Instructions for the task >> Keeping pictures out, repeat the lines of the listing below exactly, starting at its first line and finishing with the one that holds "A side-view photo".

Data section >>
== Segment start ==

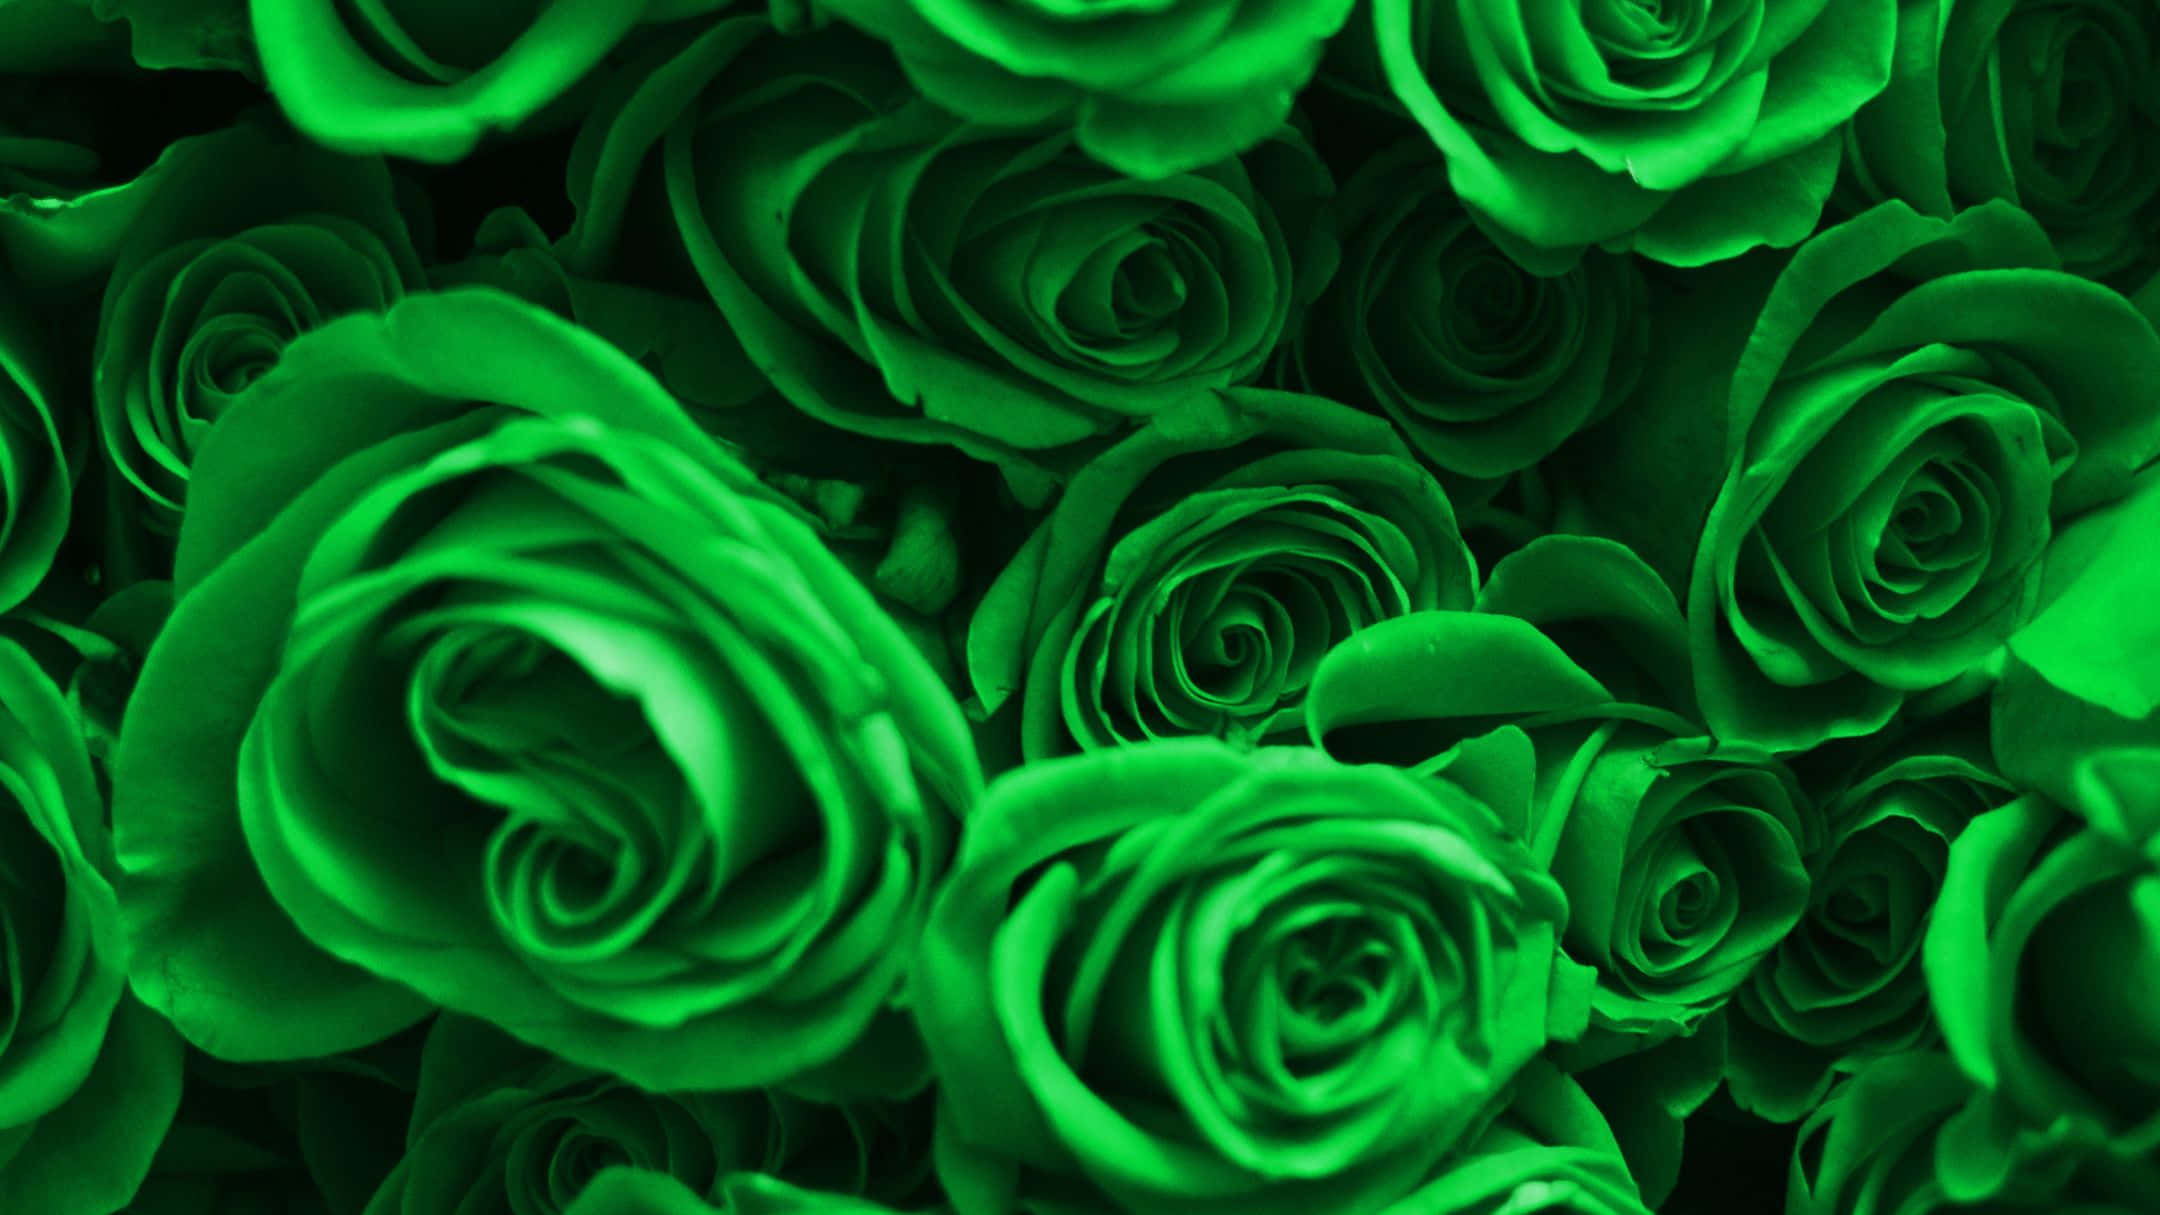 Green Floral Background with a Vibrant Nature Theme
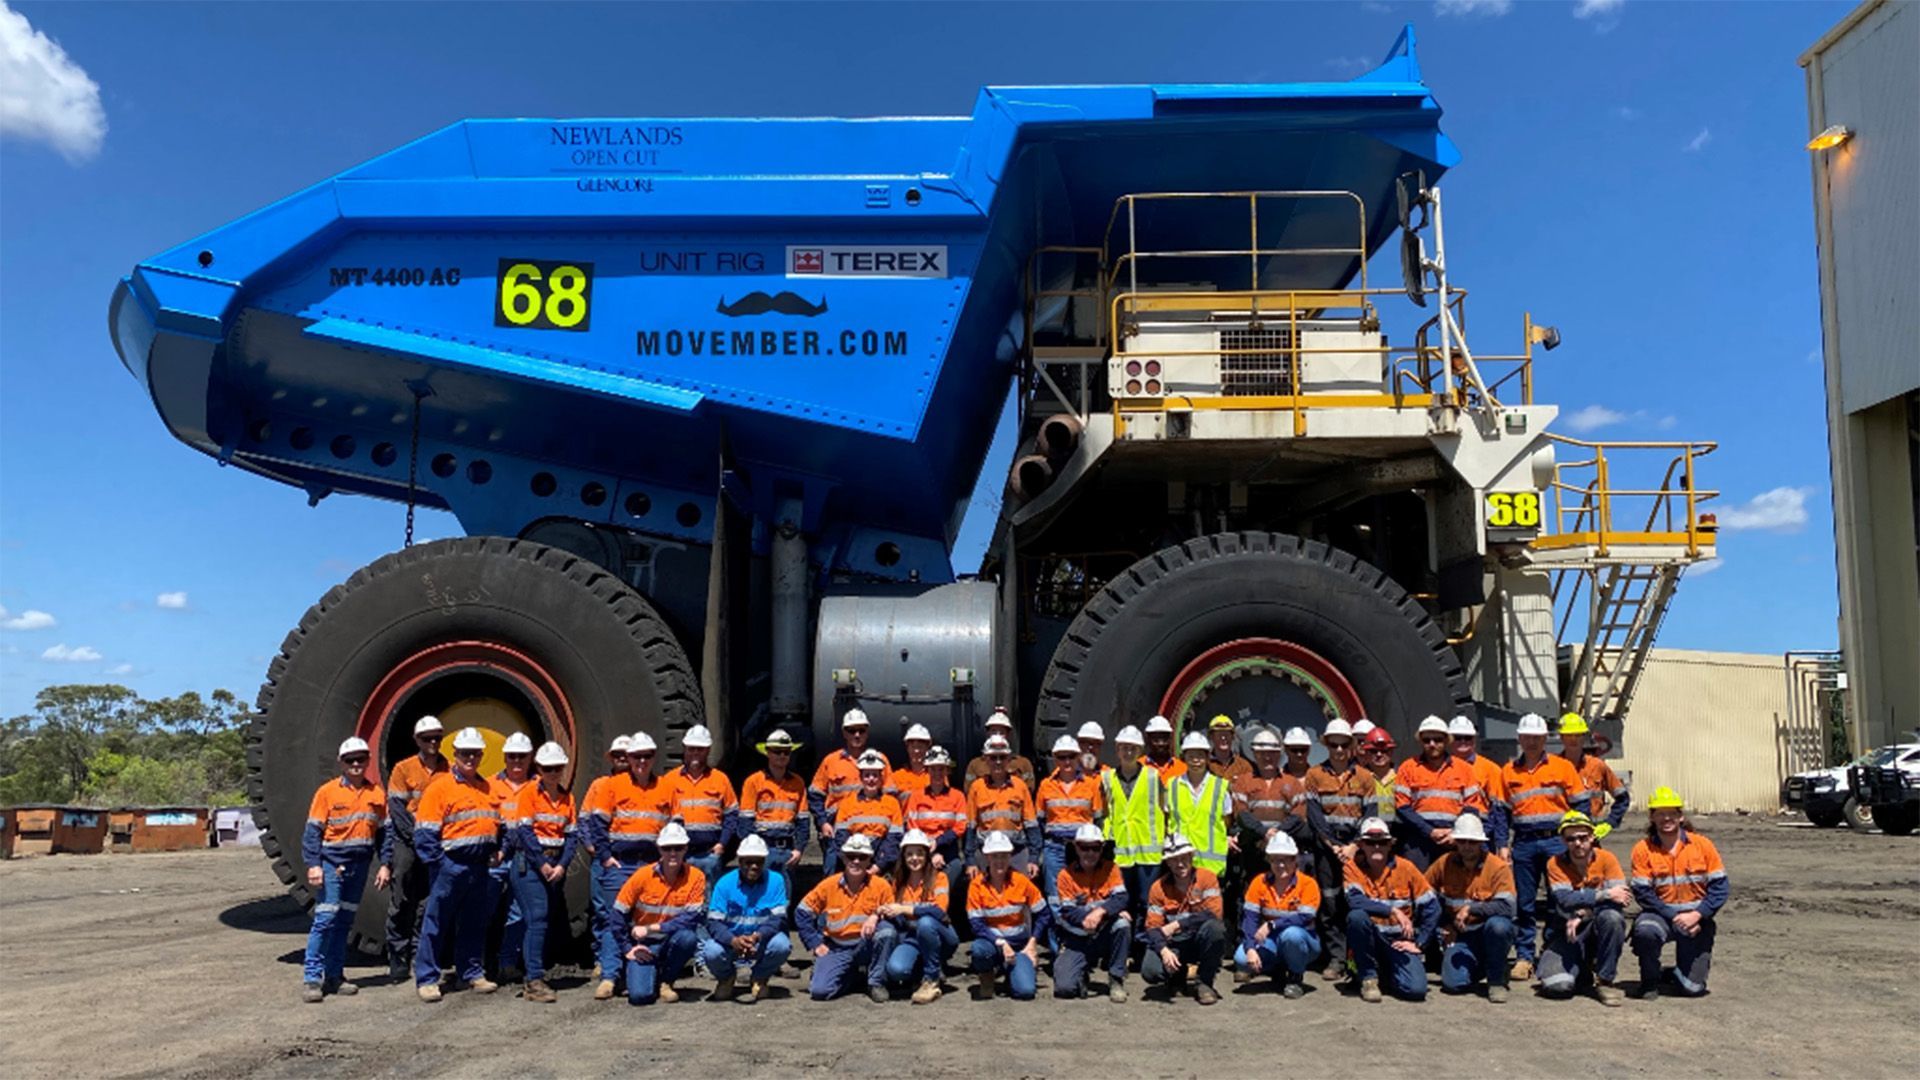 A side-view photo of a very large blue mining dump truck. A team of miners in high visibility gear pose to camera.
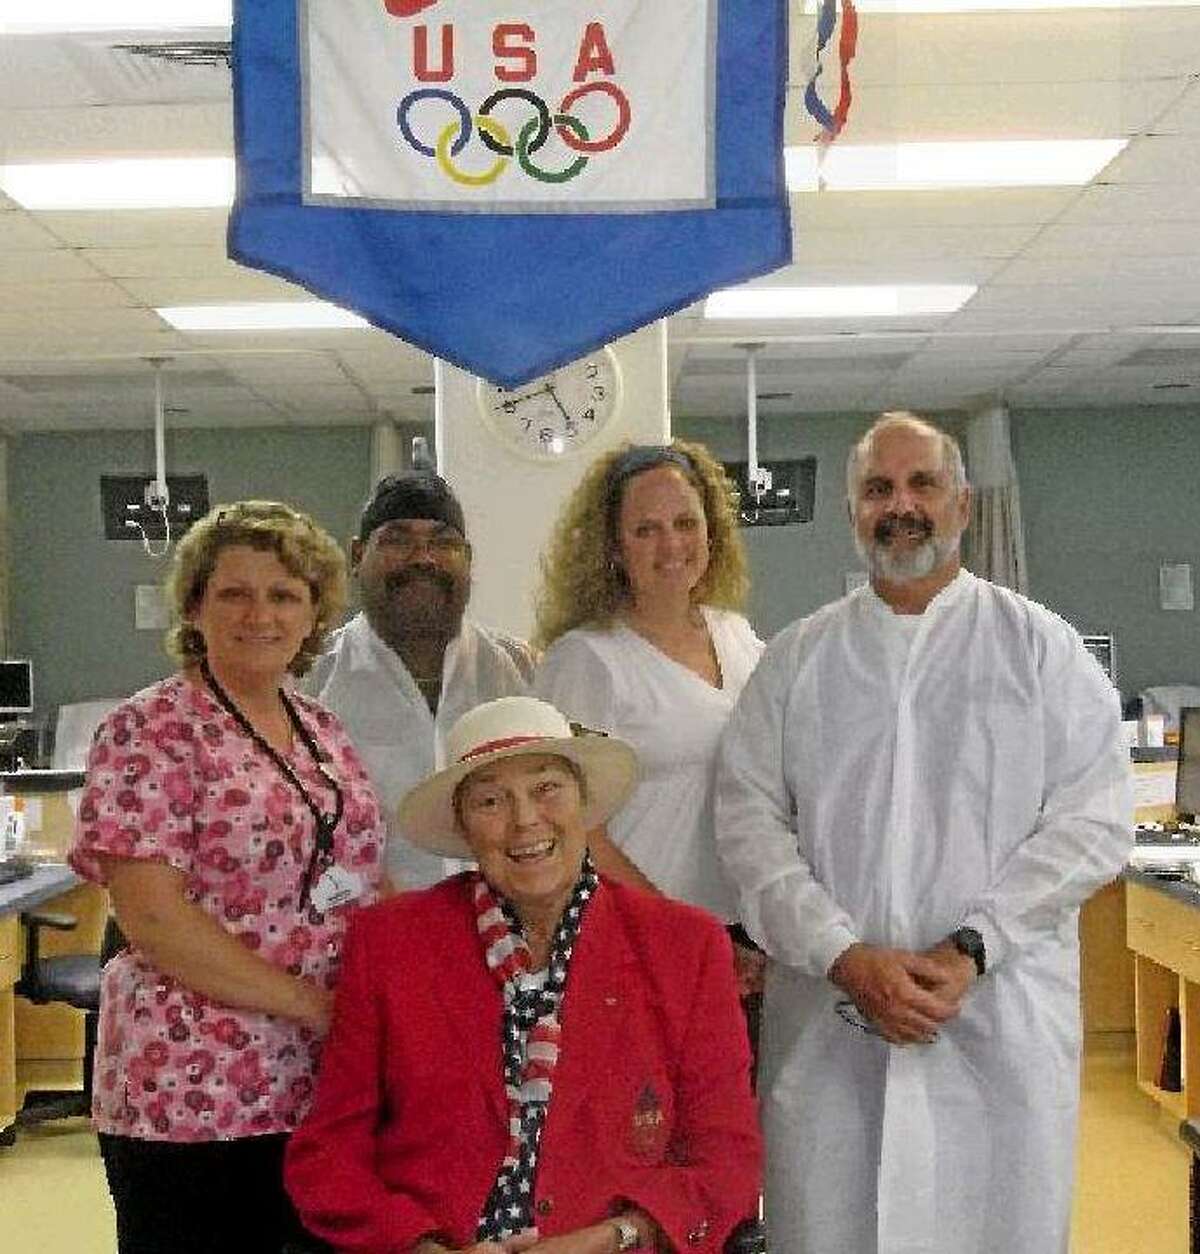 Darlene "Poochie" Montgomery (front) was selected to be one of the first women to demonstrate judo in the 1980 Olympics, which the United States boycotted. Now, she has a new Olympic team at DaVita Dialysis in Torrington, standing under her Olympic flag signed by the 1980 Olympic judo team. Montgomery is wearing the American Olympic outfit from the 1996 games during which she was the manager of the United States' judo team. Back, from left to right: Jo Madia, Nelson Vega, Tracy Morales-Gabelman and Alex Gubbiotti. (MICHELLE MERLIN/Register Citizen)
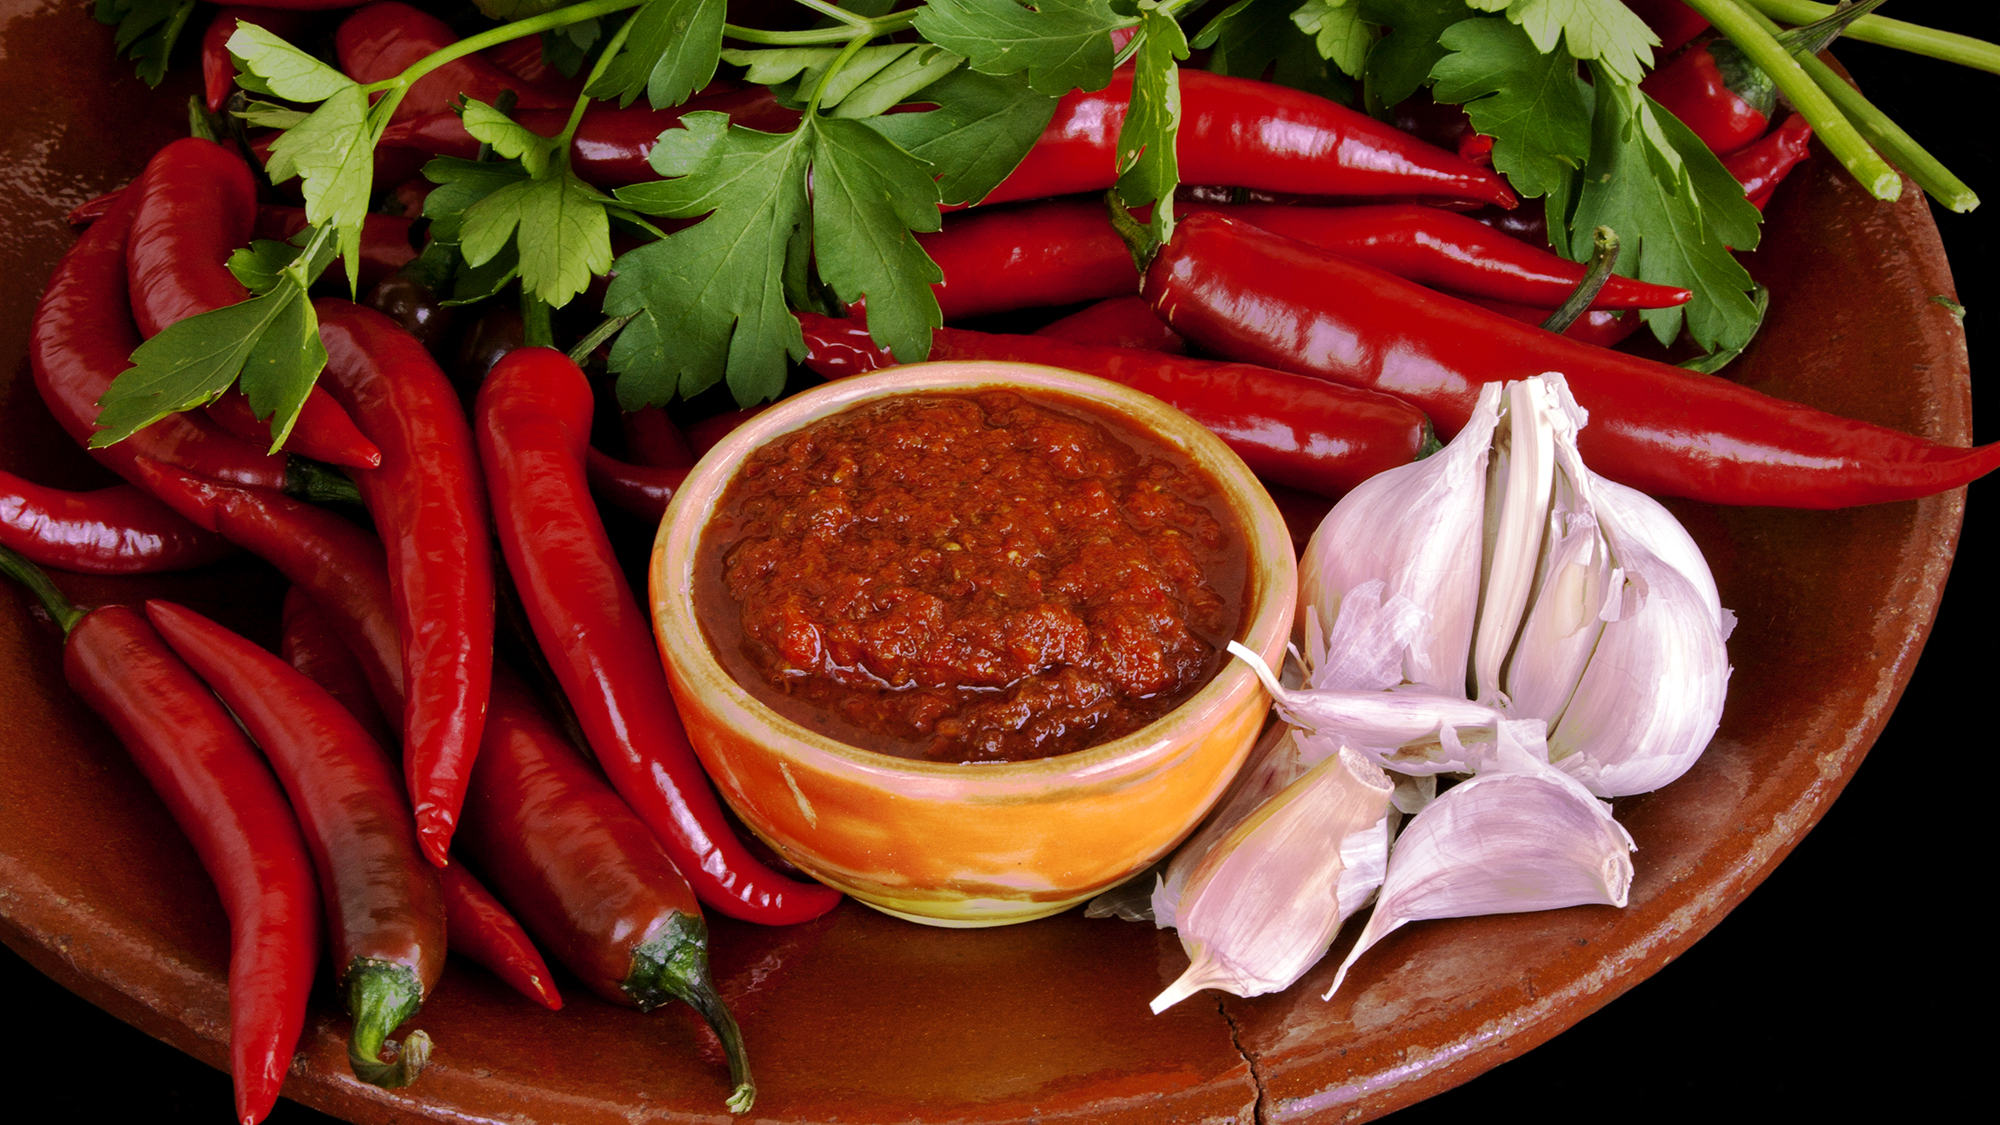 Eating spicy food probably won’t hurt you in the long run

== Segment end ==

Answer >>
 Green Floral Background with a Vibrant Nature Theme
 A side-view photo of a very large blue mining dump truck. A team of miners in high visibility gear pose to camera.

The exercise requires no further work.